That Long and Twisty Road
Version 1.0, © 2007 by Dale Cotton, all rights reserved

30-05
One of the recurring issues that young photographers discuss is triteness. You take a picture of a sunrise over water scene that totally grabs you. Your significant other loves it, your friends and acquaintances make positive noises when you show it to them. Then you think about sharing it with other photographers. Downer. You know an inevitable response is going to be: "nice – but I've seen it before."
This is a problem that actually disappears over time. The more time and effort we invest in art and in life, the more we get caught up in pursuing a line of expression that just happens to be one that no one else has pursued. We become fixated on certain subject matter, certain values, certain interpretative stances. Eventually, it's not just a sunrise over water scene but a [your name here] sunrise over water scene. Or you don't do sunrises over water any more because you're on to other things.

117-14
We can look at the camera as a recording tool that has no other function than to document the wonders of nature, just as seen. But where to stand? What height to shoot from? What focal length to use? What aspect ratio? What crop/composition? Then we get the picture back home and open it in our converter or editor: What white balance to use? What contrast curve to employ? Etc. Etc. At first we may make our decisions based on trying to duplicate the original scene ... as best we can recall it. But when we do that we get frustrated because all too often the results are technically correct but lacking the emotional impact of the original gestalt.
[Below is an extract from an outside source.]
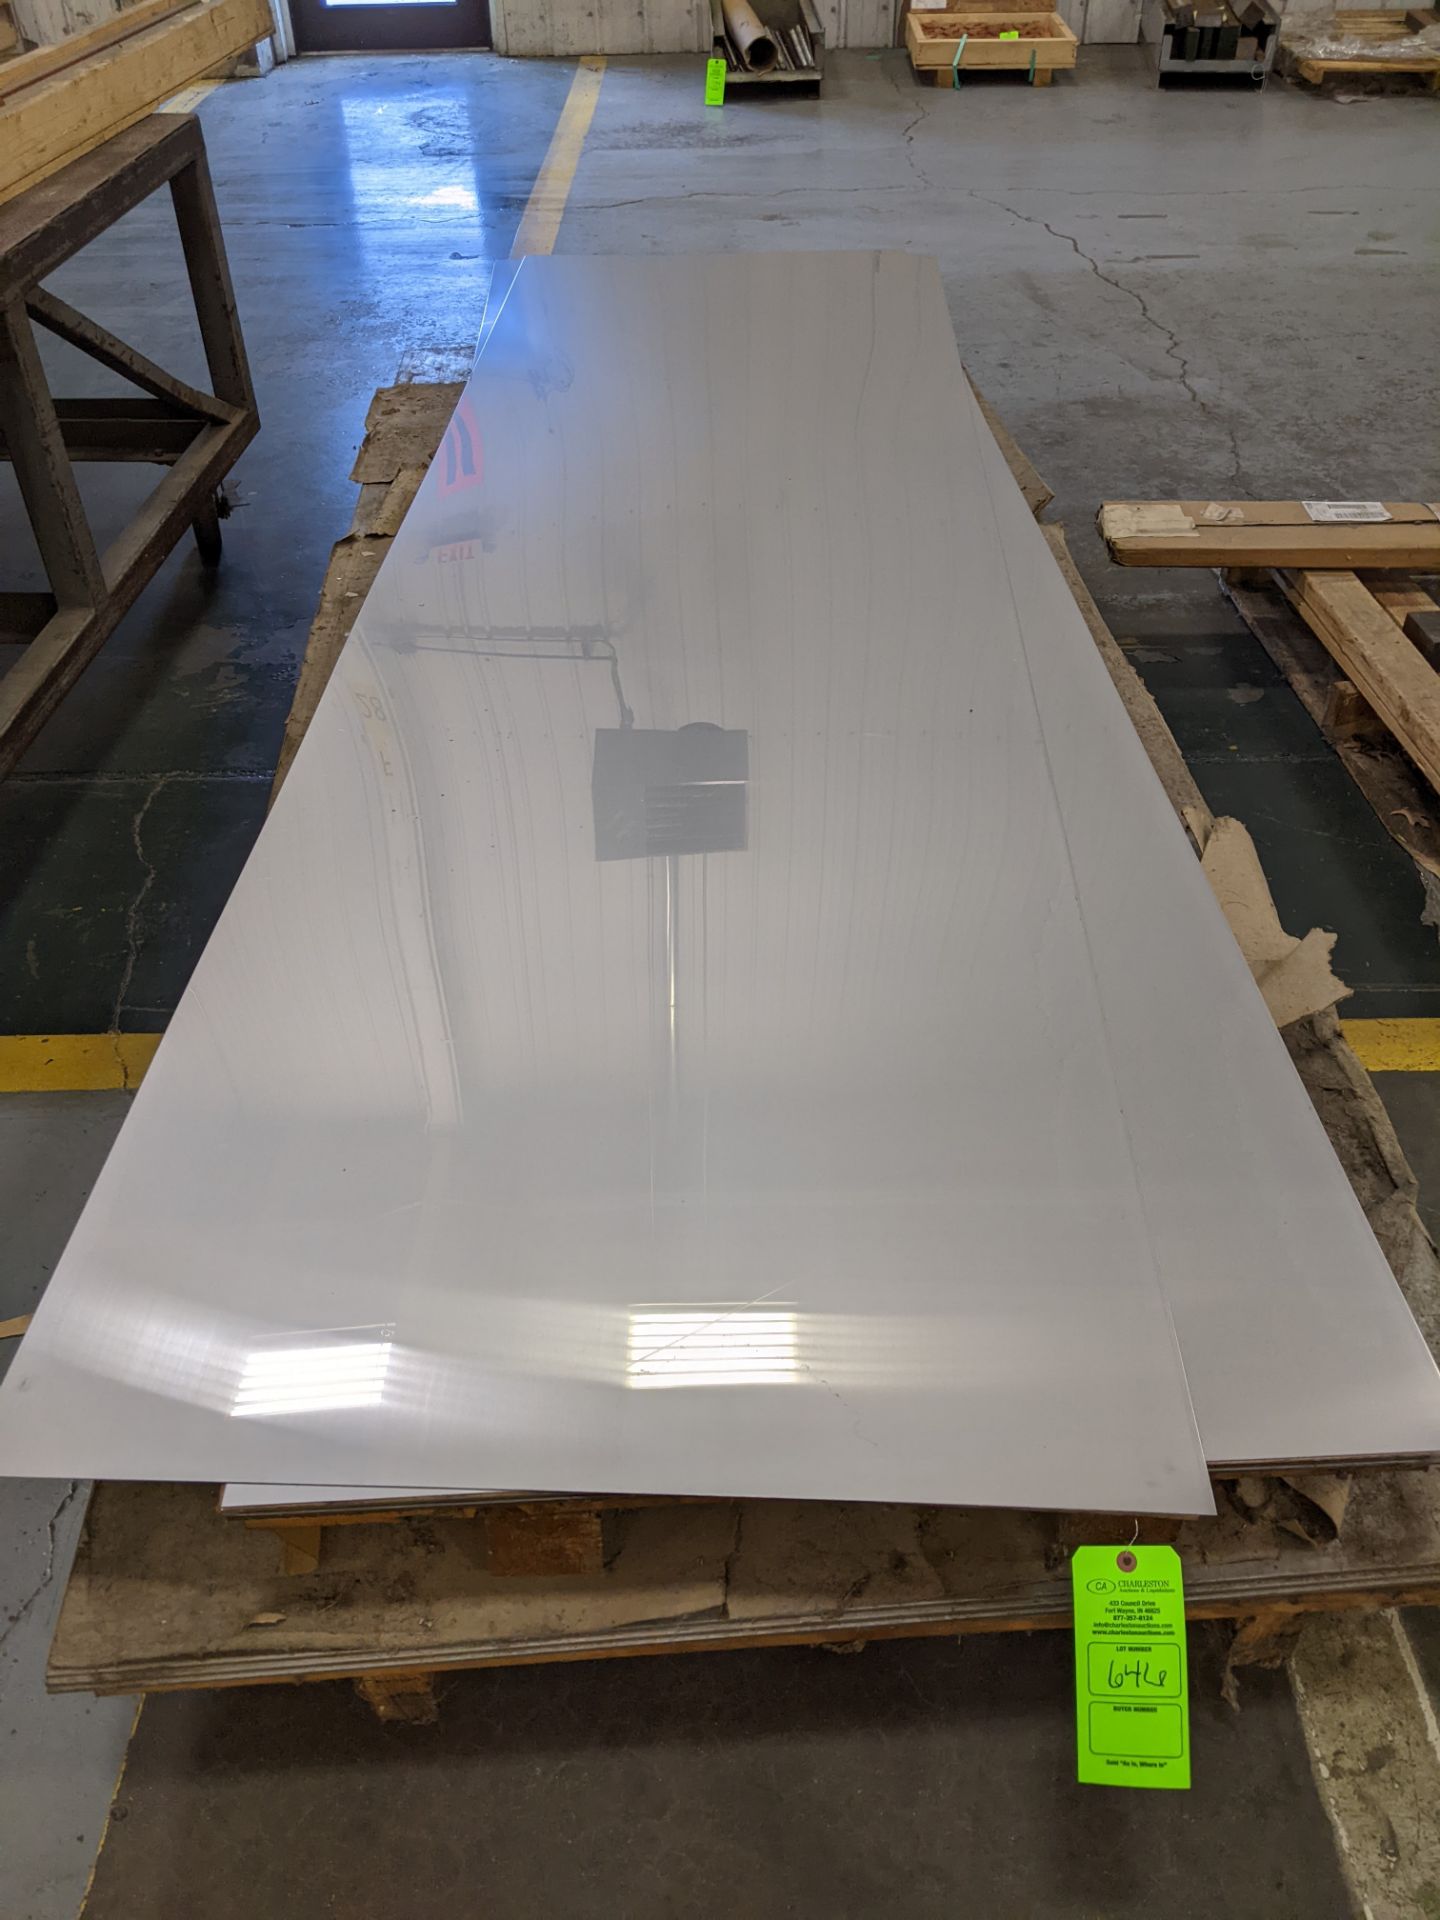 APPROX 15 SHEETS OF 3X10 STAINLESS STEEL SHEET METAL AND (3) 1/4" 4X10 STAINLESS SHEETS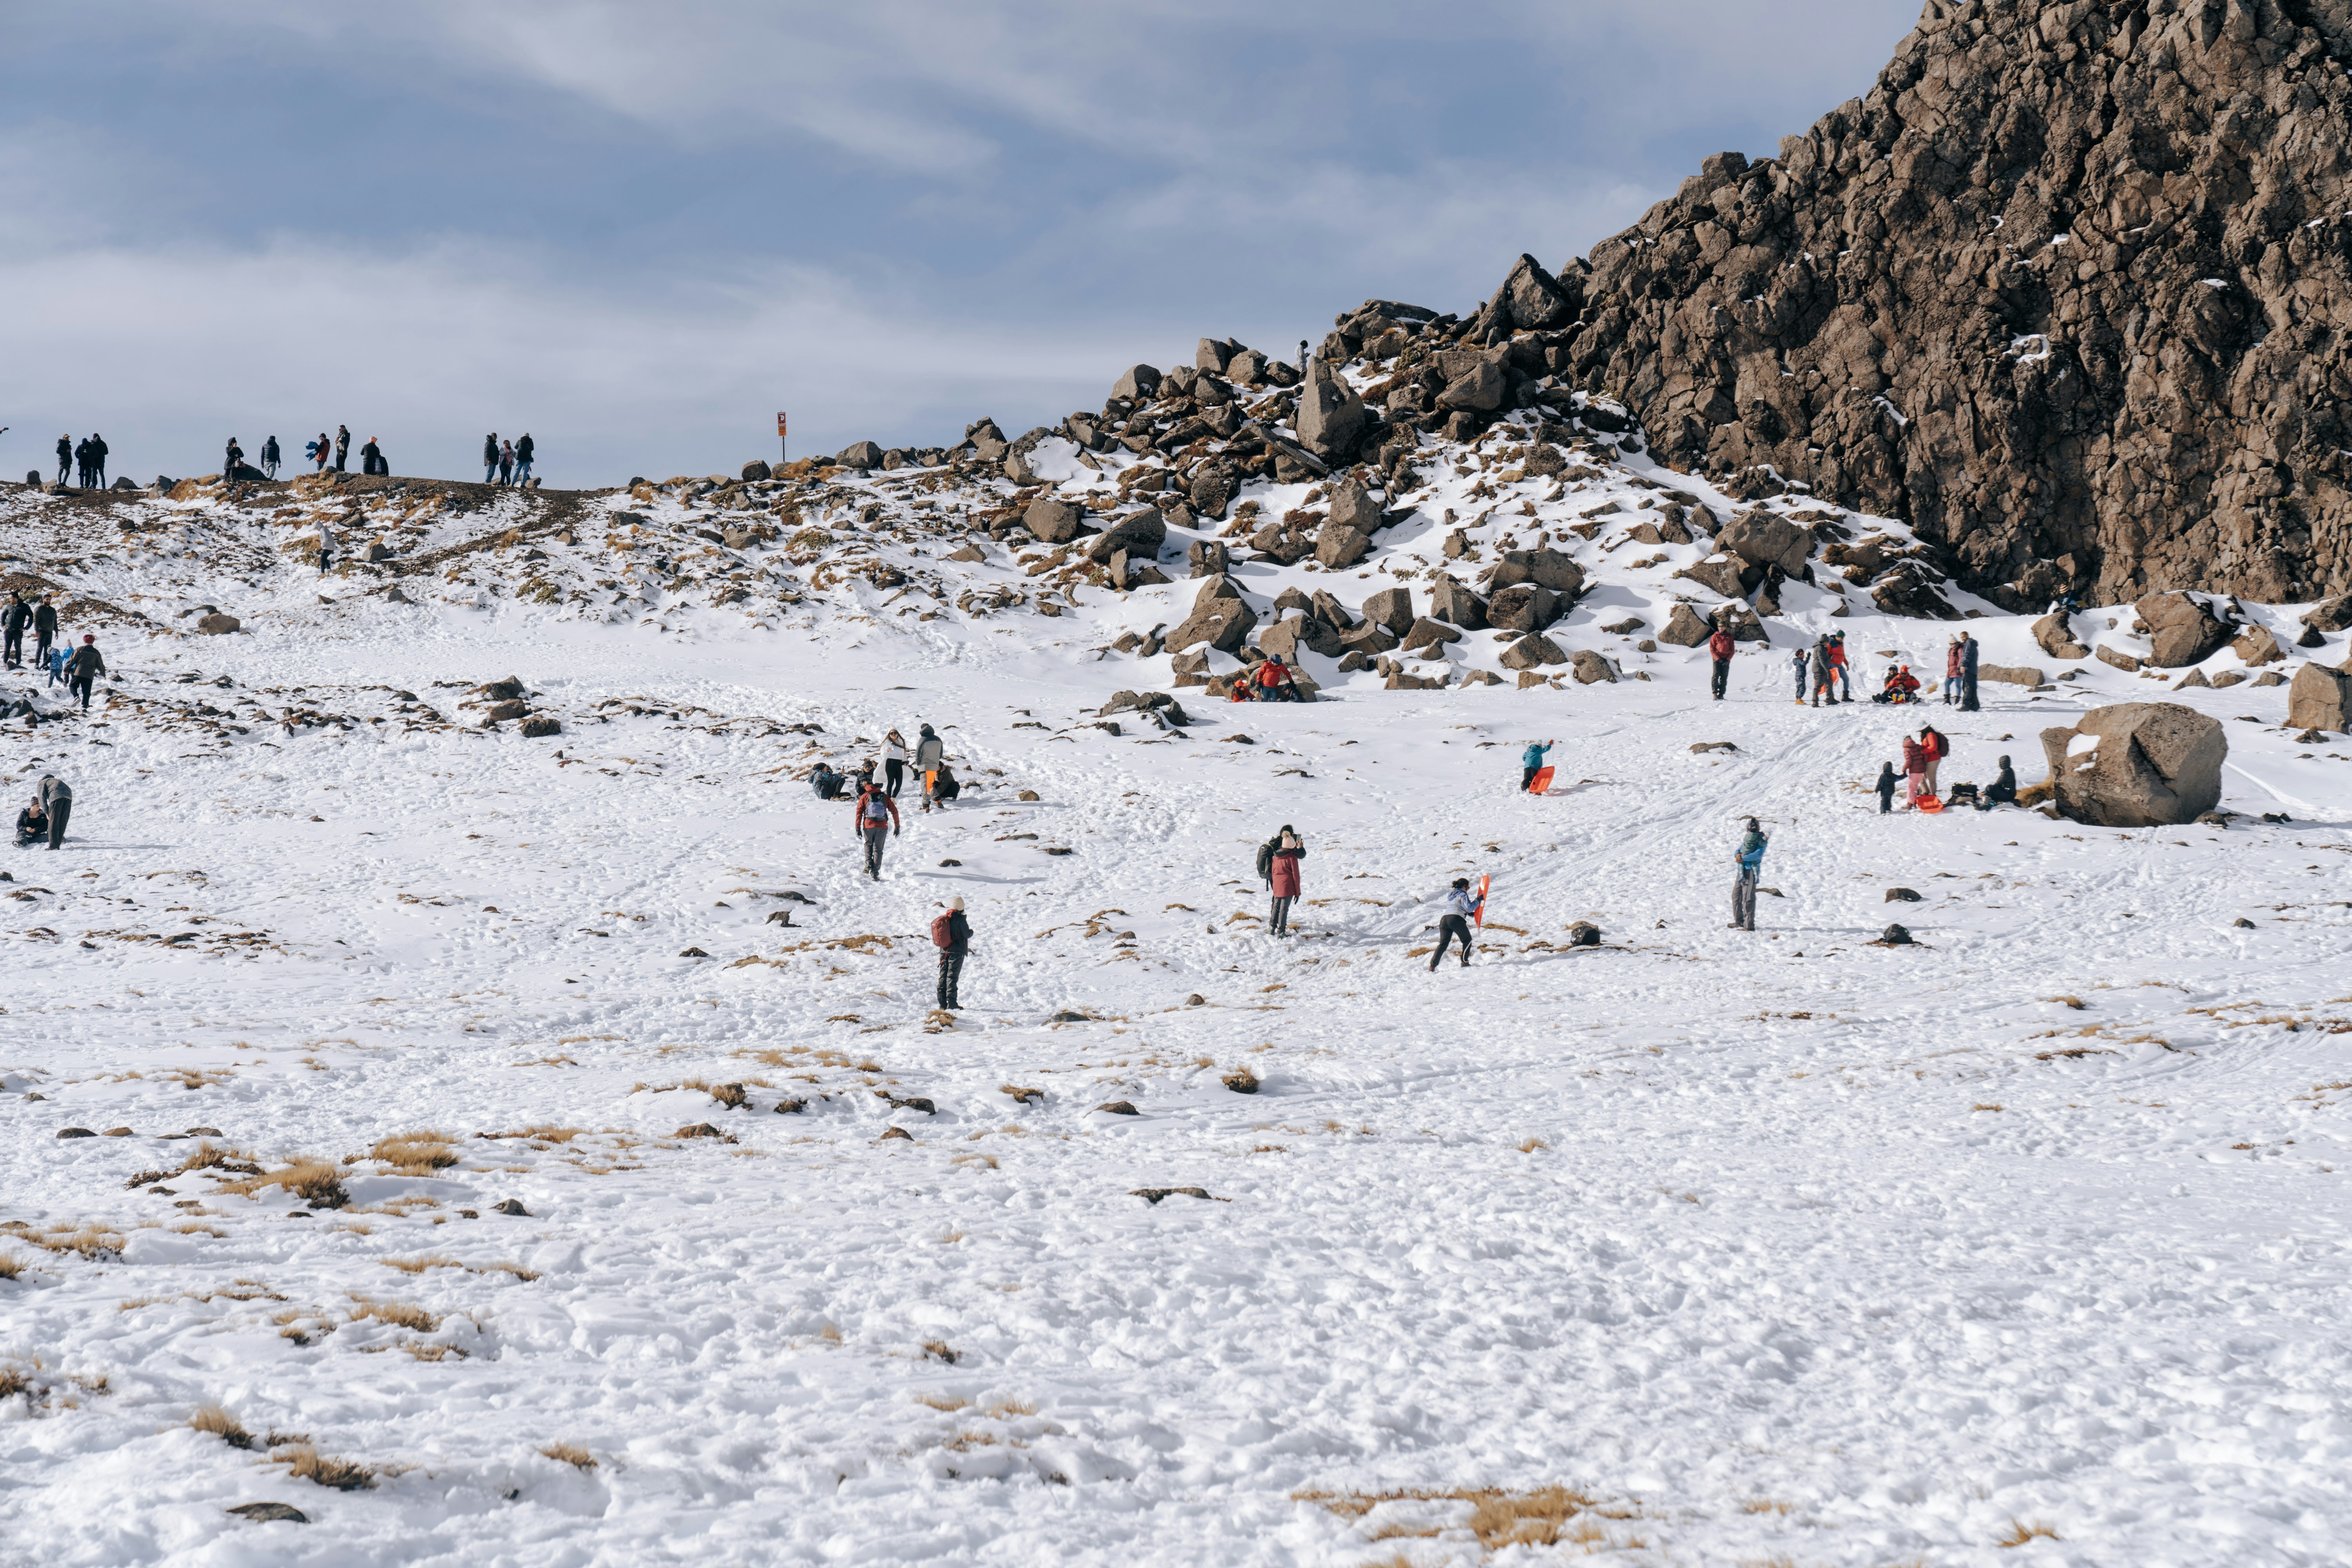 people on snow covered field during daytime

So we start tinkering with Photoshop's capabilities or the darkroom's, looking for the nuances and intensity that simple documentation misses out on. And so it goes.
The good news is that you don't have to do anything but trust the process. Don't worry if your pictures seem like ones you've seen before. Just groove on what's happening today. The bad news is that the process has a dark side.

191-26
I showed a set of 13x19" prints of my latest fall landscape scenes (including the picture above) to a few people who are not in any way involved with the arts. It was painful to watch them leaf through the prints. It's not that the images were particularly inaccessible – the subject matter is the usual trees, fall colour, water, etc. But all they could see was the immediate grab aspects of each print – was this the kind of picture you would see on a calendar or a picture postcard or a TV commercial or wasn't it? All the effort I expended to convey the spirit of place, to invoke a certain mood, and to get the fine detail just so was wasted effort. The farther you go on the path of the artist, the more you leave behind those who are not traveling that path. And this is true even if you never venture into abstraction, surrealism, expressionism, etc.
This process is not in any way confined to the visual arts. Let's suppose your passion is cooking. You go off to Europe and study in France and Italy, come home and get hired by an expensive gourmet restaurant. Then you have family over for supper, so you decide against something esoteric like escargots in beurre noire and pheasant tortiere romanov with chives and herbes fines and instead opt to make something accessible like a classic beef Stroganoff. One relative turns up his nose and asks if you happen to have any hot dogs. Another digs right in but decides it's a little bland and asks for some Worchester or ketchup (but only if you have Heinz). A third has pretensions in this area and wants to know why you used tarragon instead of the customary oregano, when you didn't use any tarragon and oregano isn't in fact customary.

06-L0331
So if your goal is to communicate, to reach out to family, friends, and neighbours, the question "has this been done before?" is actually the reverse of what you want to ask. Instead, you should be asking "Is this close enough to something that everyone's seen before and are therefore comfortable with, or have I gone off the deep end with this one?" The safe course is to learn to cook hamburgers and hot dogs ... and not get too deeply into the subtleties of cooking them just so.
If that doesn't feel like an option, you may sigh, cross off all hope of reaching the uninitiated, then look to your fellow artists for understanding and approbation. Think of a group of working chefs who get together from time to time for a home-cooked meal. They'll all get together in someone's kitchen. One will make the salad, another the vegetables, another the meat dish, another the desert. When they sit down to eat, the conversation will inevitably go something like this:

06-2054
Cook A: "Roast baby potatoes in the skin with parsley and shallots ... nice ... hmmm ... rosemary, eh? That's interesting. I think I would have used tarragon and basil instead..."
Cook B: "Tarragon? With parsley? But of course you're pulling our legs."
Cook C: "I agree. The rosemary is fine. But I would never have let it cook in the butter to get all soggy. I'd have added the butter just before the end."
Then Cook D slams down his fork, bolts up toppling his chair, throws his napkin in the general direction of the table, and roars: "Soggy?!" My potatoes. SOGGY?"